Description
A vibrant and nutritious Roasted Vegetable & Chickpea Bowl featuring caramelized veggies, protein-rich chickpeas, and a creamy, tangy tahini dressing. This wholesome bowl is perfect for a quick, healthy meal packed with flavors and textures.
Ingredients
Scale
Roasted Vegetables & Chickpeas
- 1 cup chickpeas, drained and rinsed
- 1 zucchini, sliced
- 1 red bell pepper, chopped
- 1 cup cherry tomatoes, halved
- 1 small red onion, sliced
- 2 tablespoons olive oil
- 1 teaspoon ground cumin
- 1/2 teaspoon smoked paprika
- Salt and pepper to taste
Base
- 1 cup cooked quinoa or brown rice
Tahini Dressing
- 3 tablespoons tahini
- 1 tablespoon lemon juice
- 1 teaspoon maple syrup or honey
- 1 clove garlic, minced
- 2-3 tablespoons water (to thin)
- Salt to taste
Instructions
- Preheat oven: Set your oven to 400°F (200°C) to prepare for roasting the vegetables and chickpeas evenly.
- Prepare vegetables and chickpeas: In a large bowl, combine the chickpeas, sliced zucchini, chopped red bell pepper, halved cherry tomatoes, and sliced red onion. Drizzle with olive oil and season with ground cumin, smoked paprika, salt, and pepper. Toss well to coat all ingredients thoroughly.
- Roast the mixture: Spread the seasoned vegetables and chickpeas evenly on a baking sheet. Place in the preheated oven and roast for 20-25 minutes, stirring halfway through cooking to ensure even caramelization and tenderness.
- Make tahini dressing: While the vegetables roast, whisk together tahini, lemon juice, maple syrup or honey, minced garlic, and salt in a small bowl. Gradually add 2-3 tablespoons of water until the dressing reaches a smooth, pourable consistency.

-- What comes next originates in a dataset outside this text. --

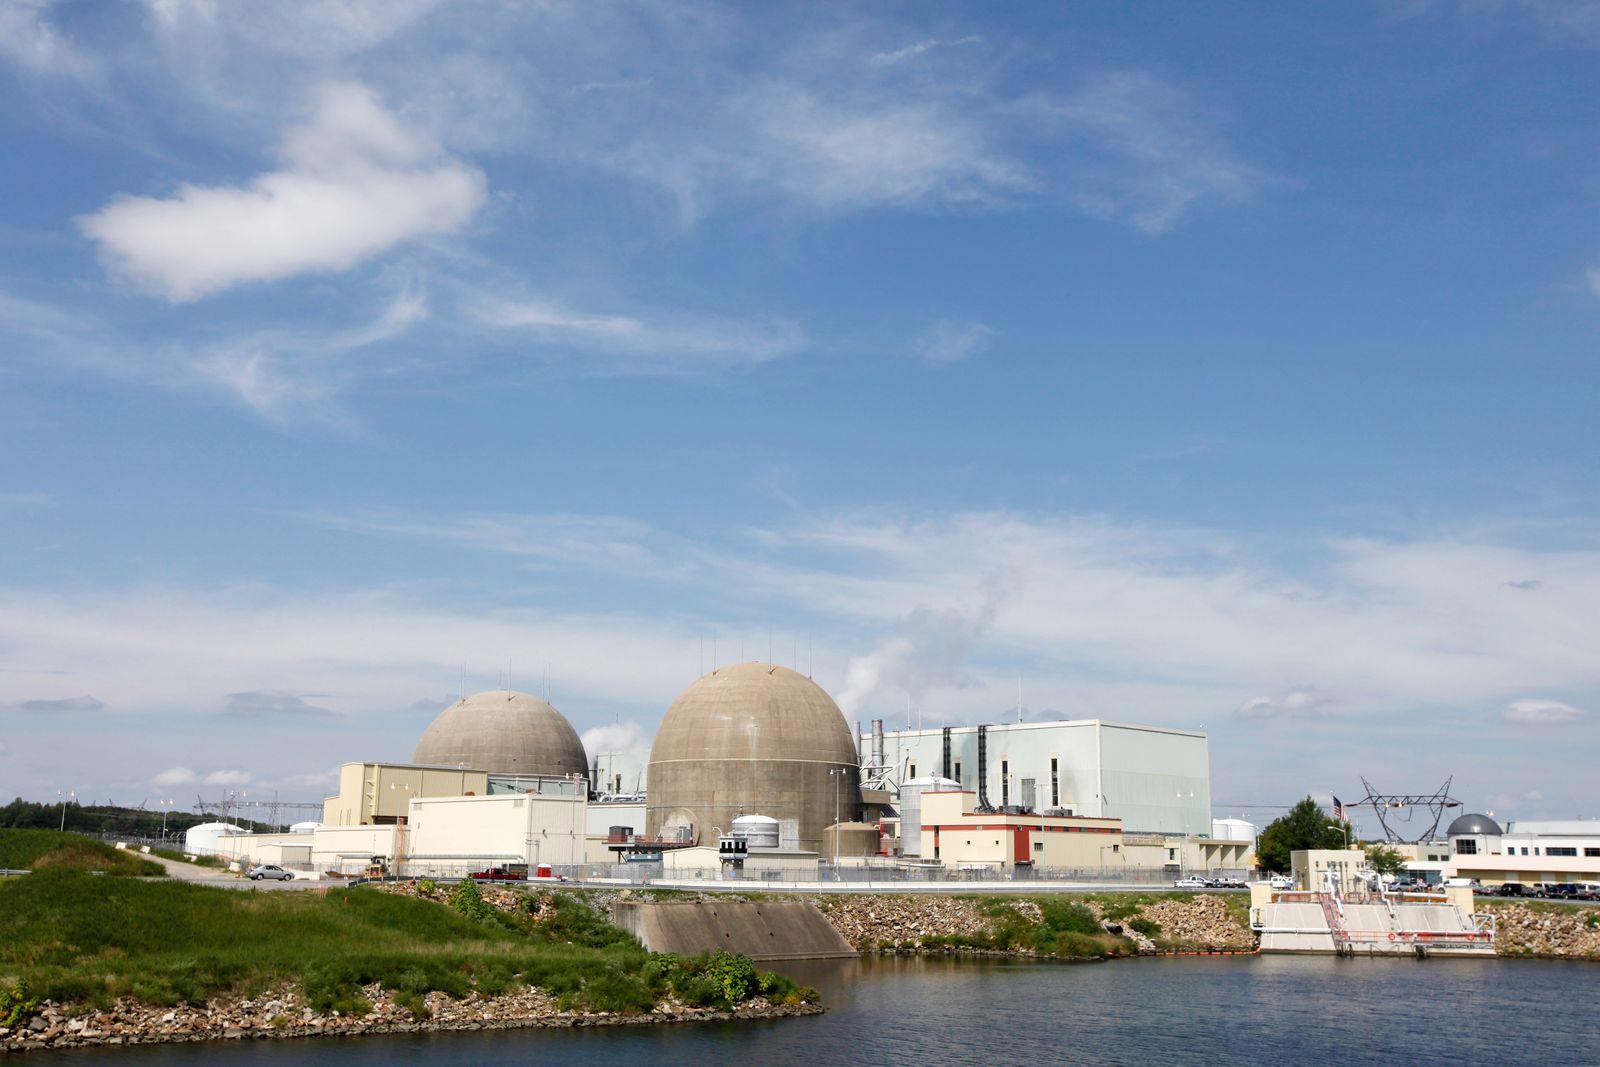 North Anna Power Station

- Assemble the bowl: Divide cooked quinoa or brown rice between two bowls. Top each with the roasted vegetable and chickpea mixture. Drizzle the tahini dressing over the top for added creaminess and flavor.
- Serve and enjoy: Enjoy the bowl warm or at room temperature, making it a versatile and satisfying meal option.
Notes
- Use chickpeas canned or freshly cooked for convenience.
- You can substitute quinoa with brown rice or any preferred grain.
- The tahini dressing can be adjusted in thickness by adding more or less water.
- For extra protein, consider adding some grilled chicken or tofu.
- Roasting time may vary slightly depending on oven accuracy; vegetables should be tender and slightly caramelized.